• TASK DESCRIPTION: The required output is the lines from the one with "Heather/ Crimson Pulse" through the end of the data, repeated verbatim, with no pictures included.

• DATA BLOCK:
■ ■ ■ ■

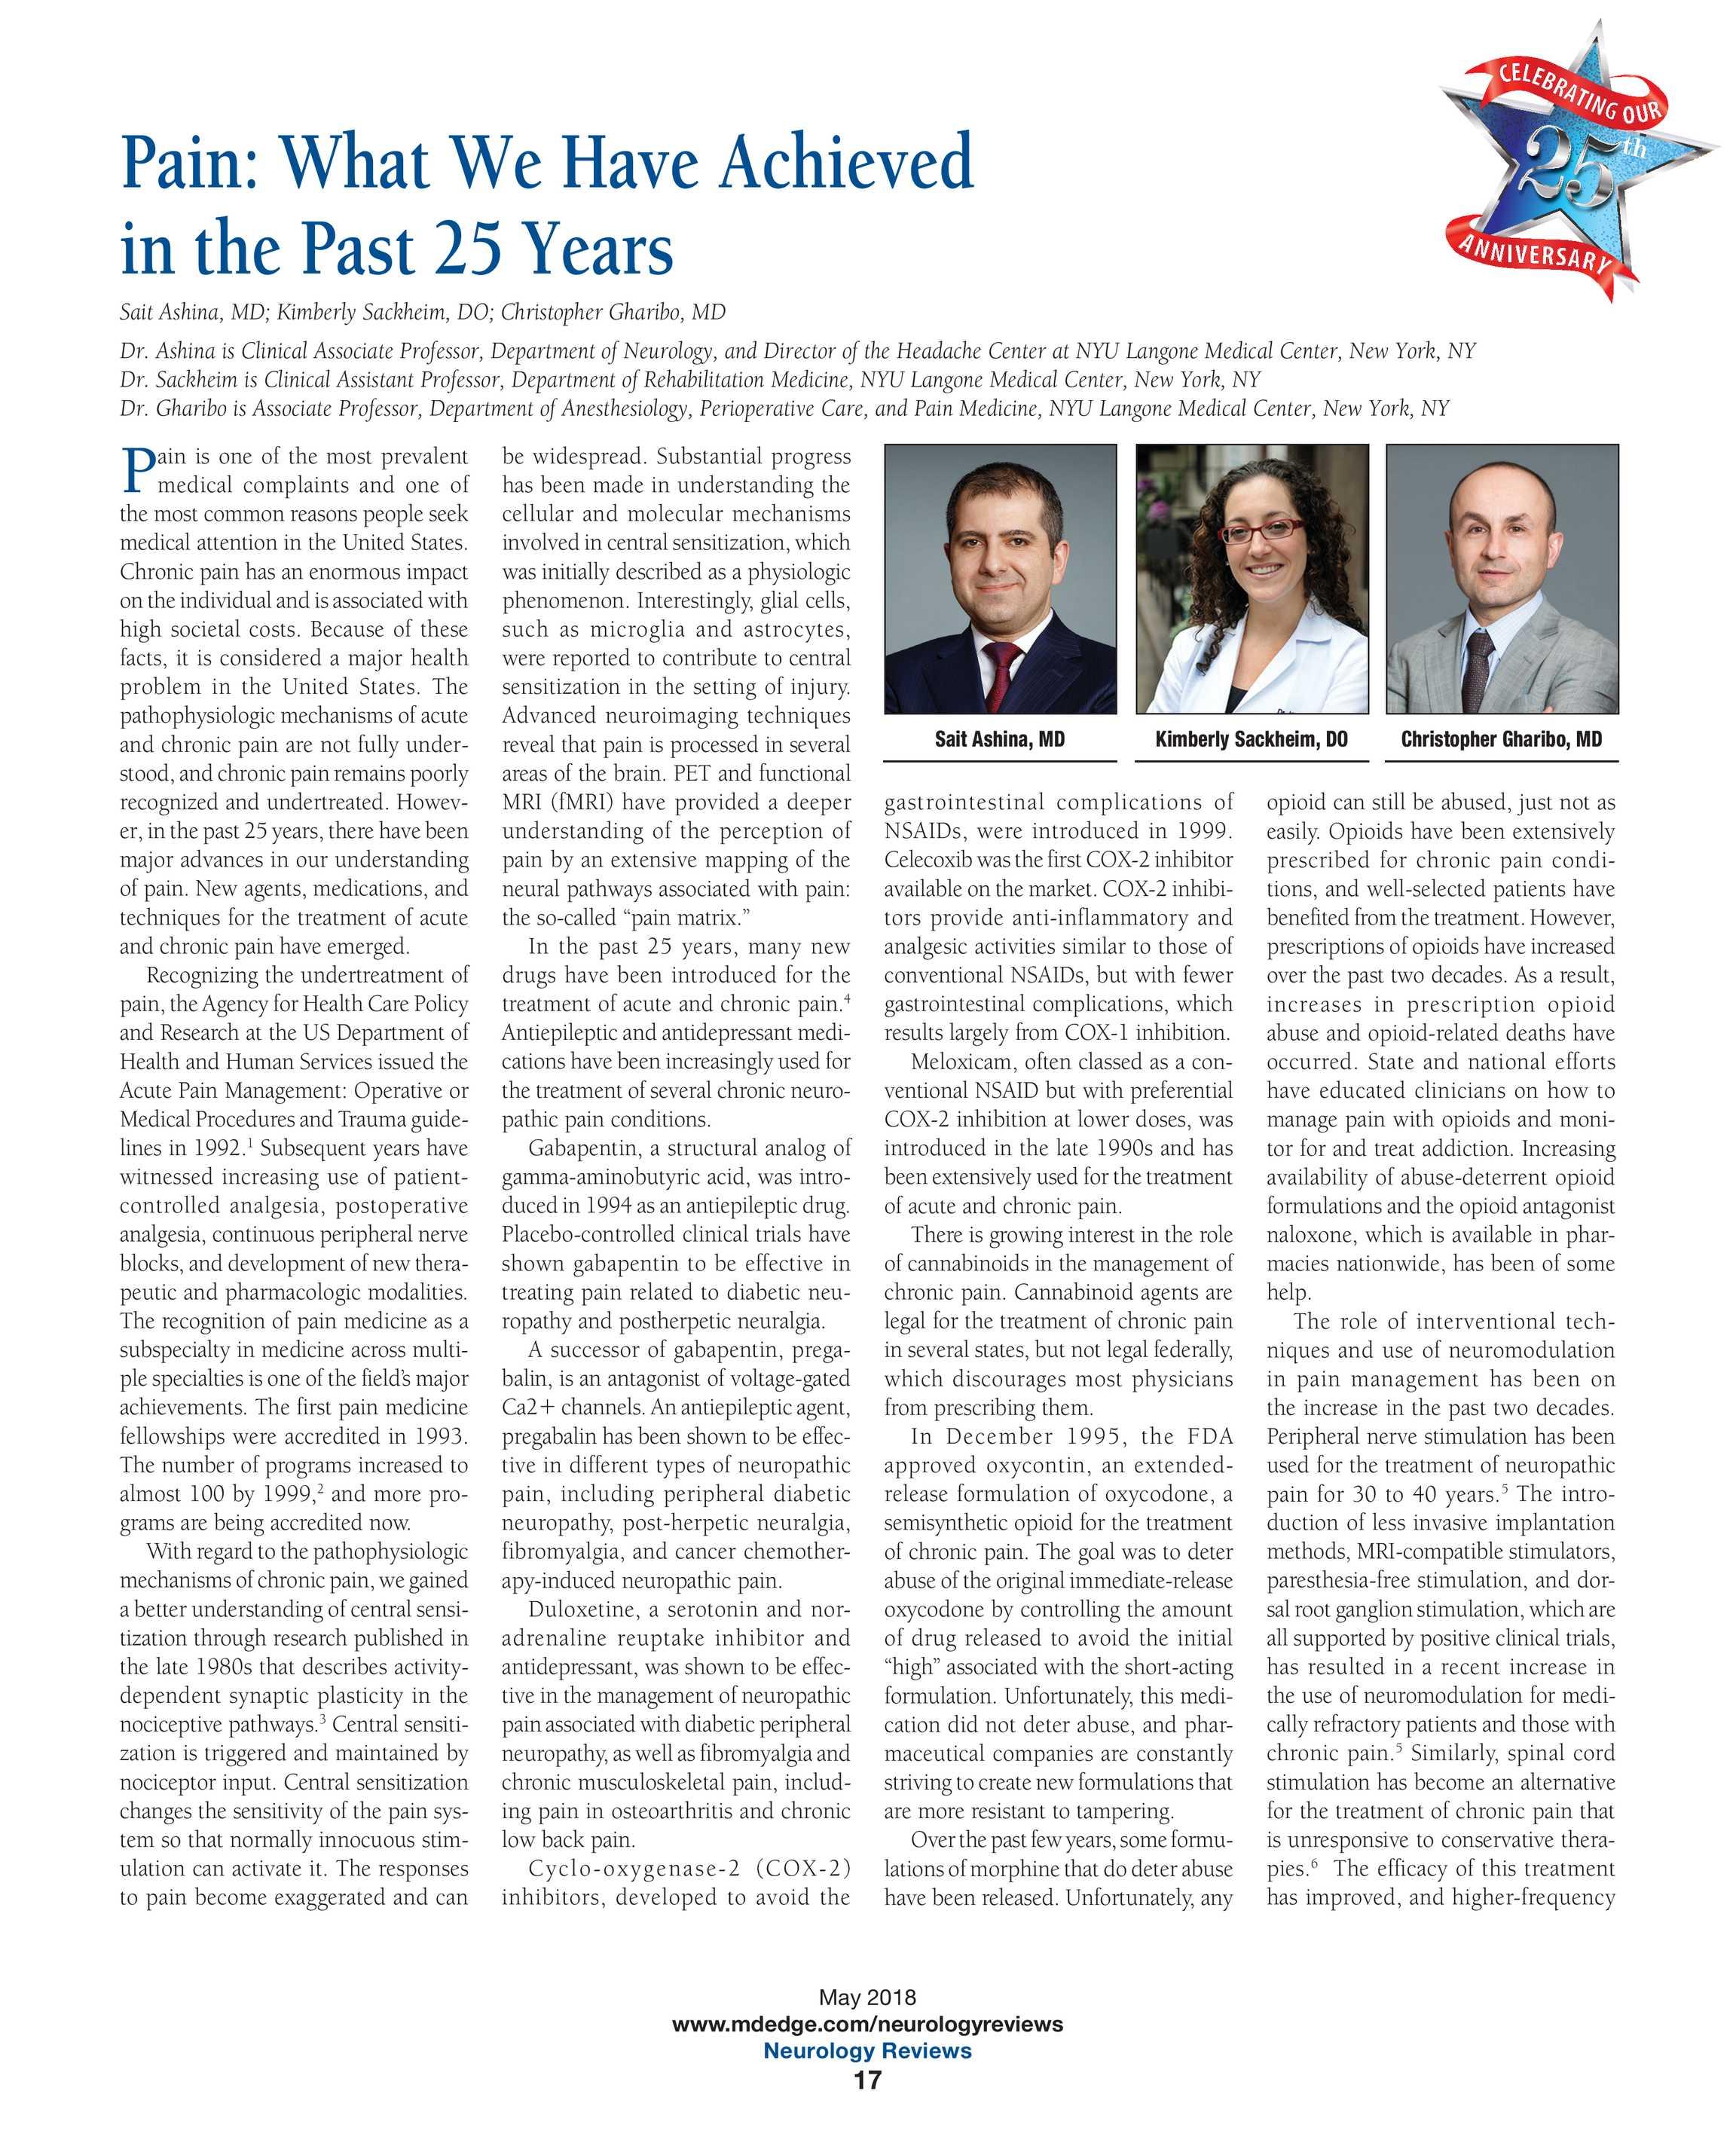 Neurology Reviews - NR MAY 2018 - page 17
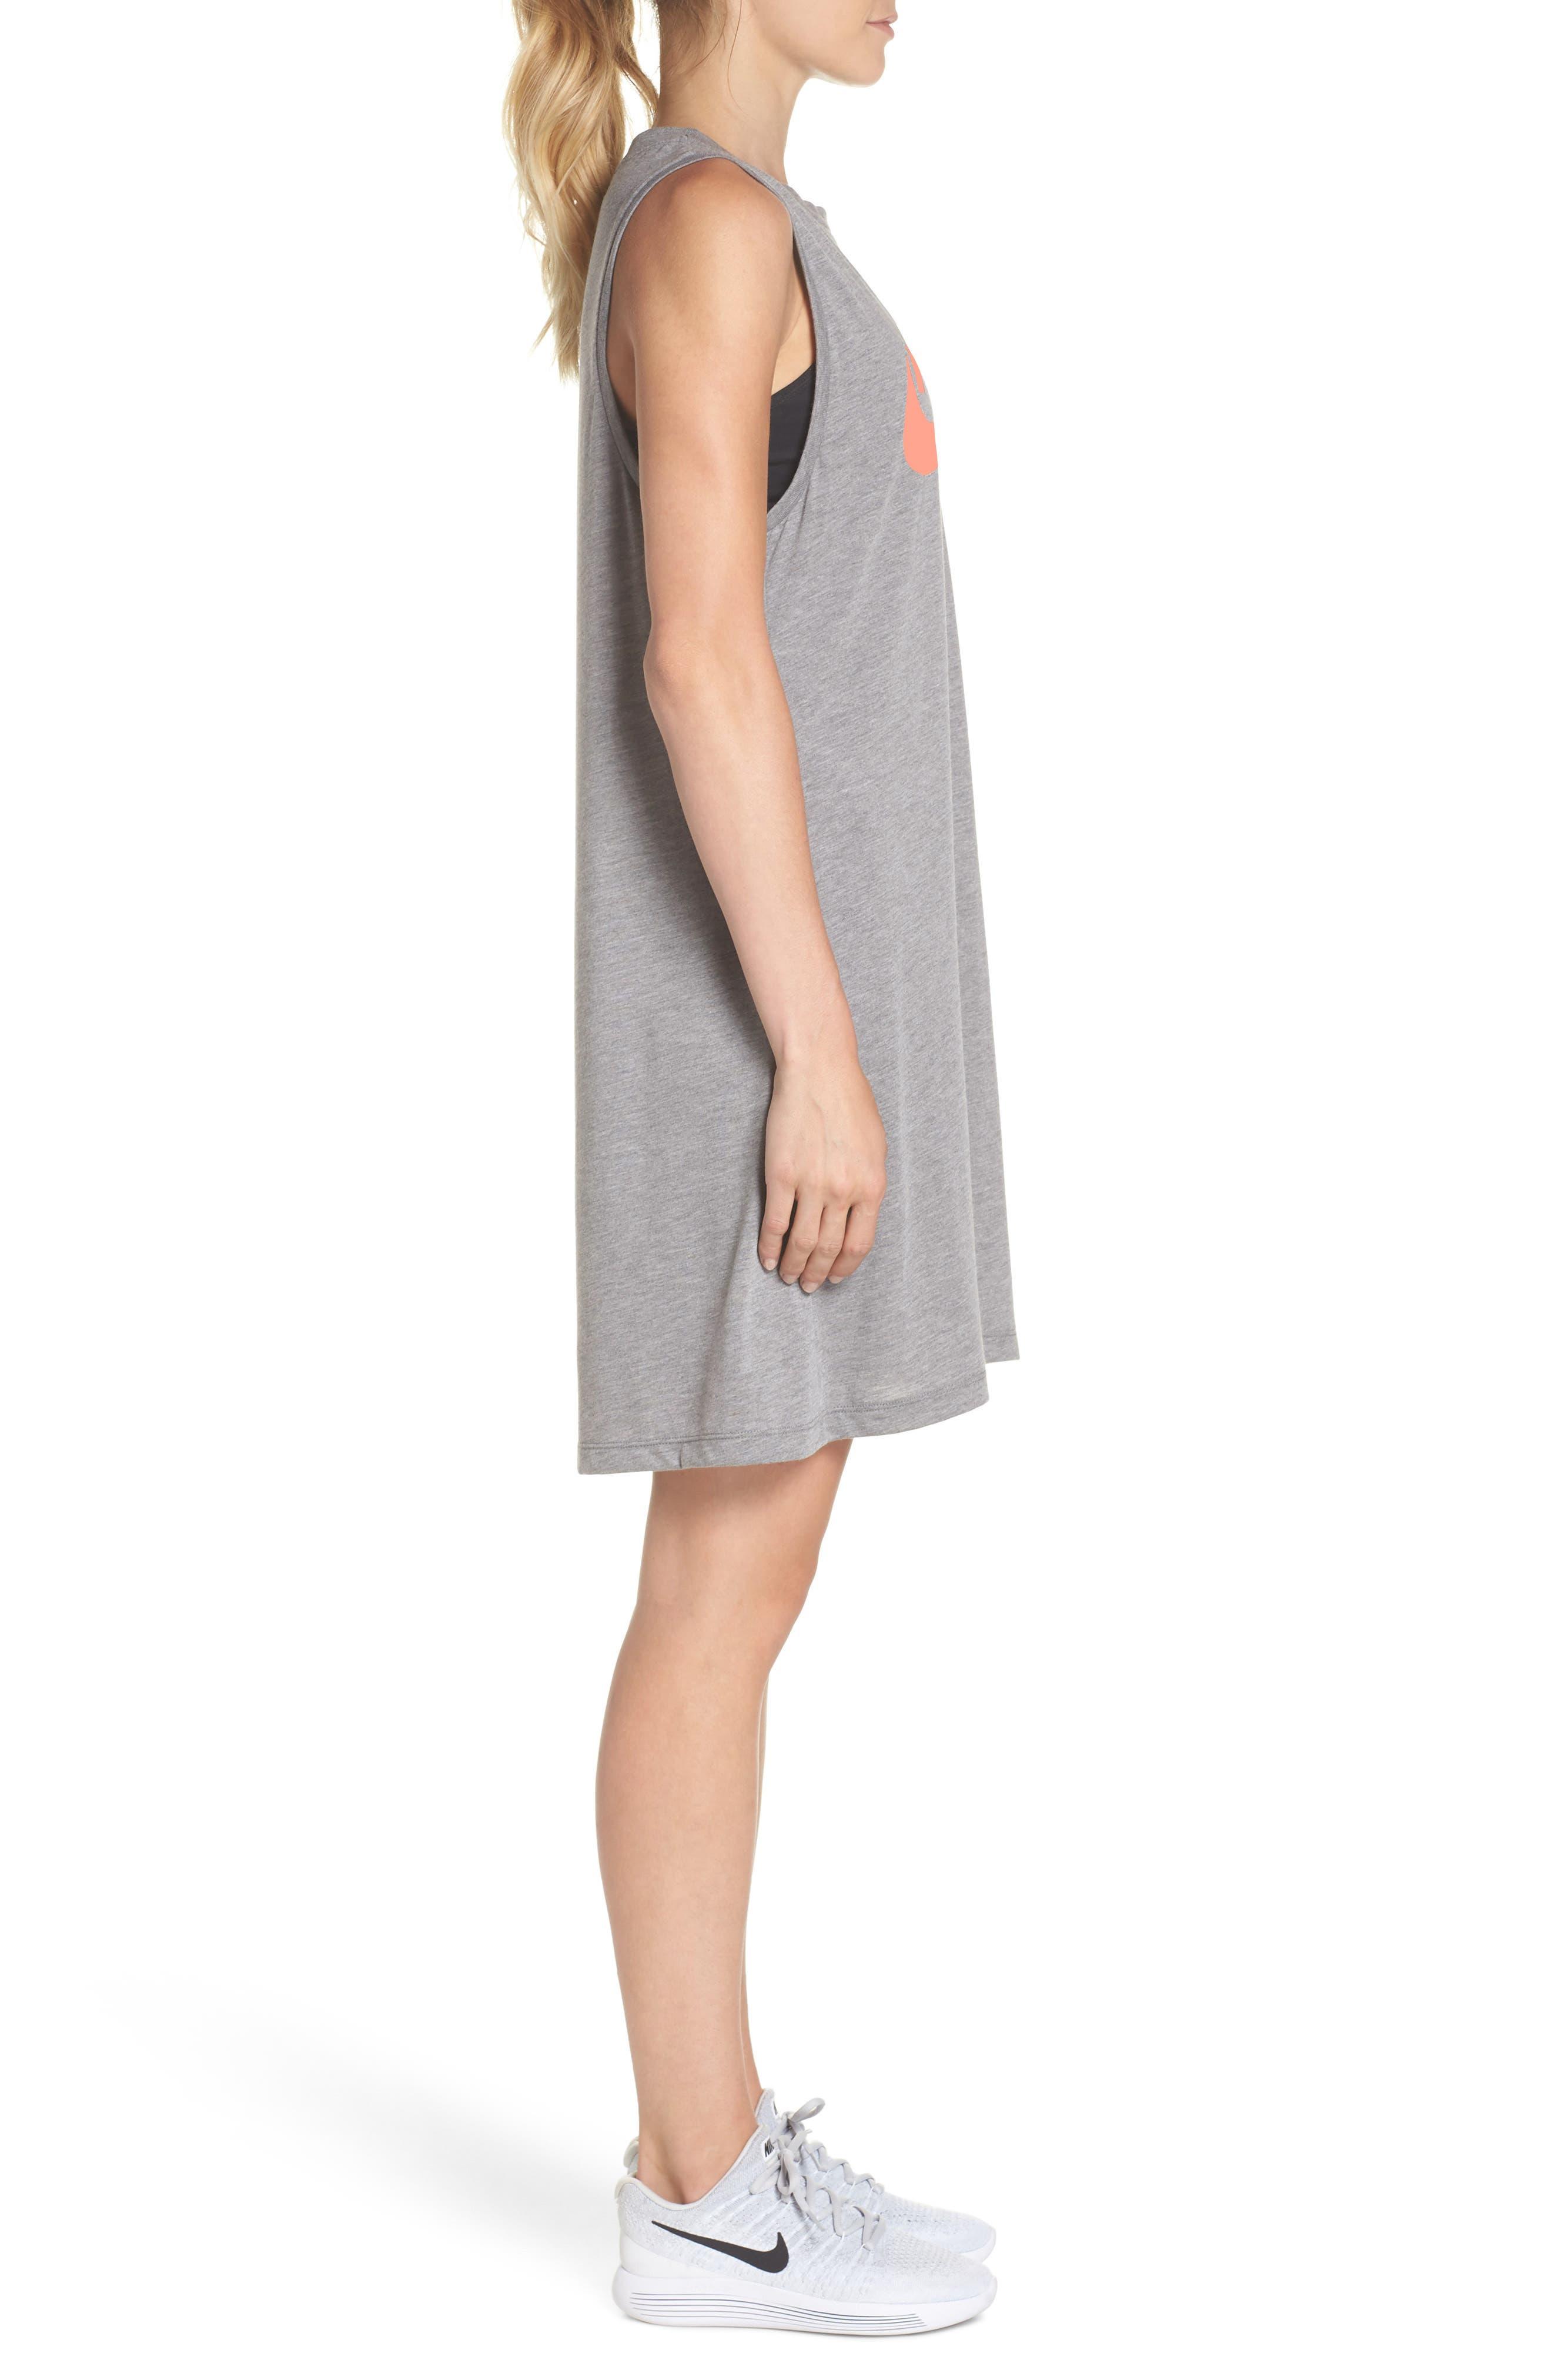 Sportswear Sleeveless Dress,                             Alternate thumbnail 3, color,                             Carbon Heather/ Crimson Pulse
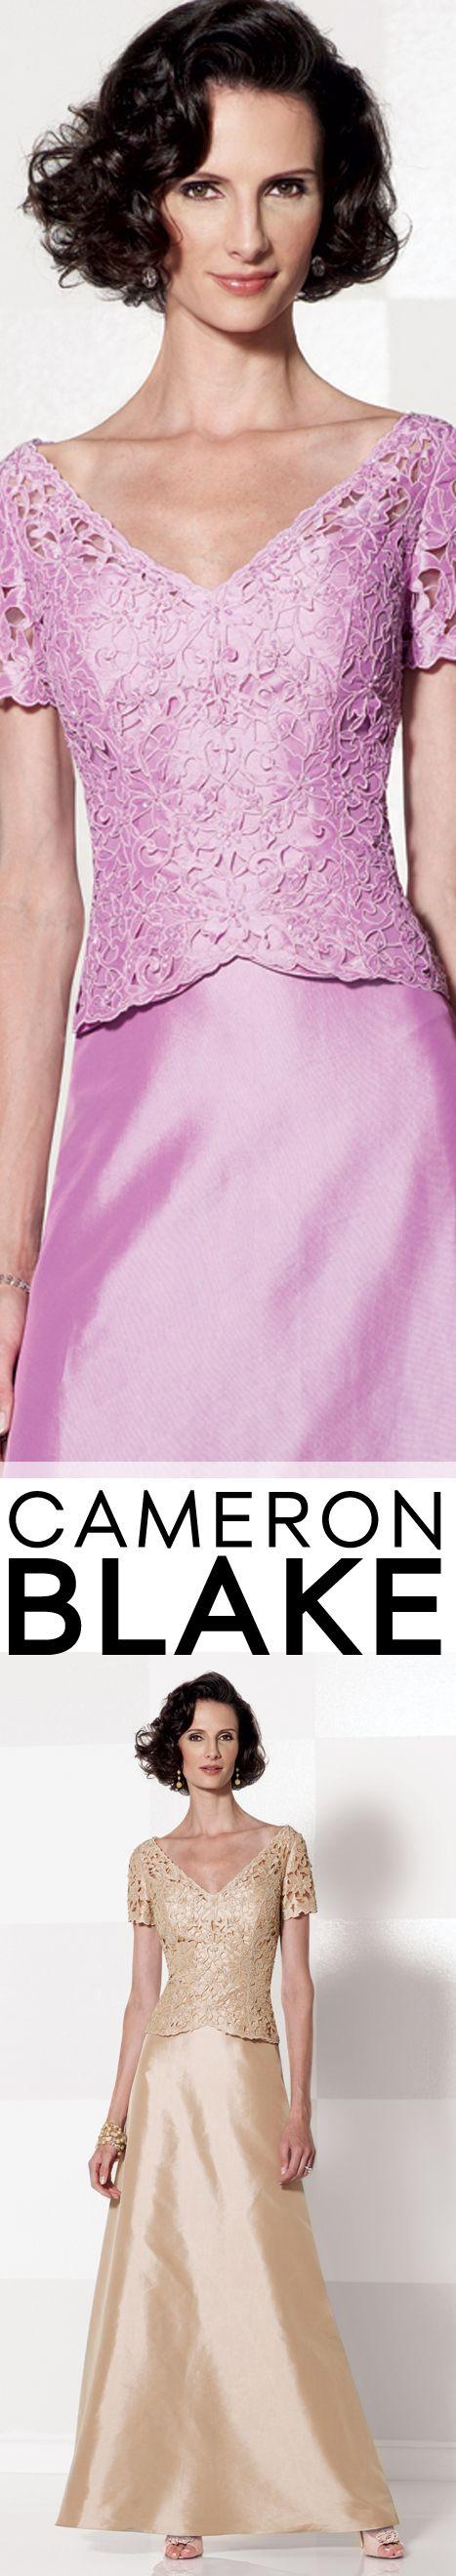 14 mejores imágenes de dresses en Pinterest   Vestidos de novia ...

■ ■ ■ ■

• WRITTEN SOLUTION:
 Sportswear Sleeveless Dress,                             Alternate thumbnail 3, color,                             Carbon Heather/ Crimson Pulse
 14 mejores imágenes de dresses en Pinterest   Vestidos de novia ...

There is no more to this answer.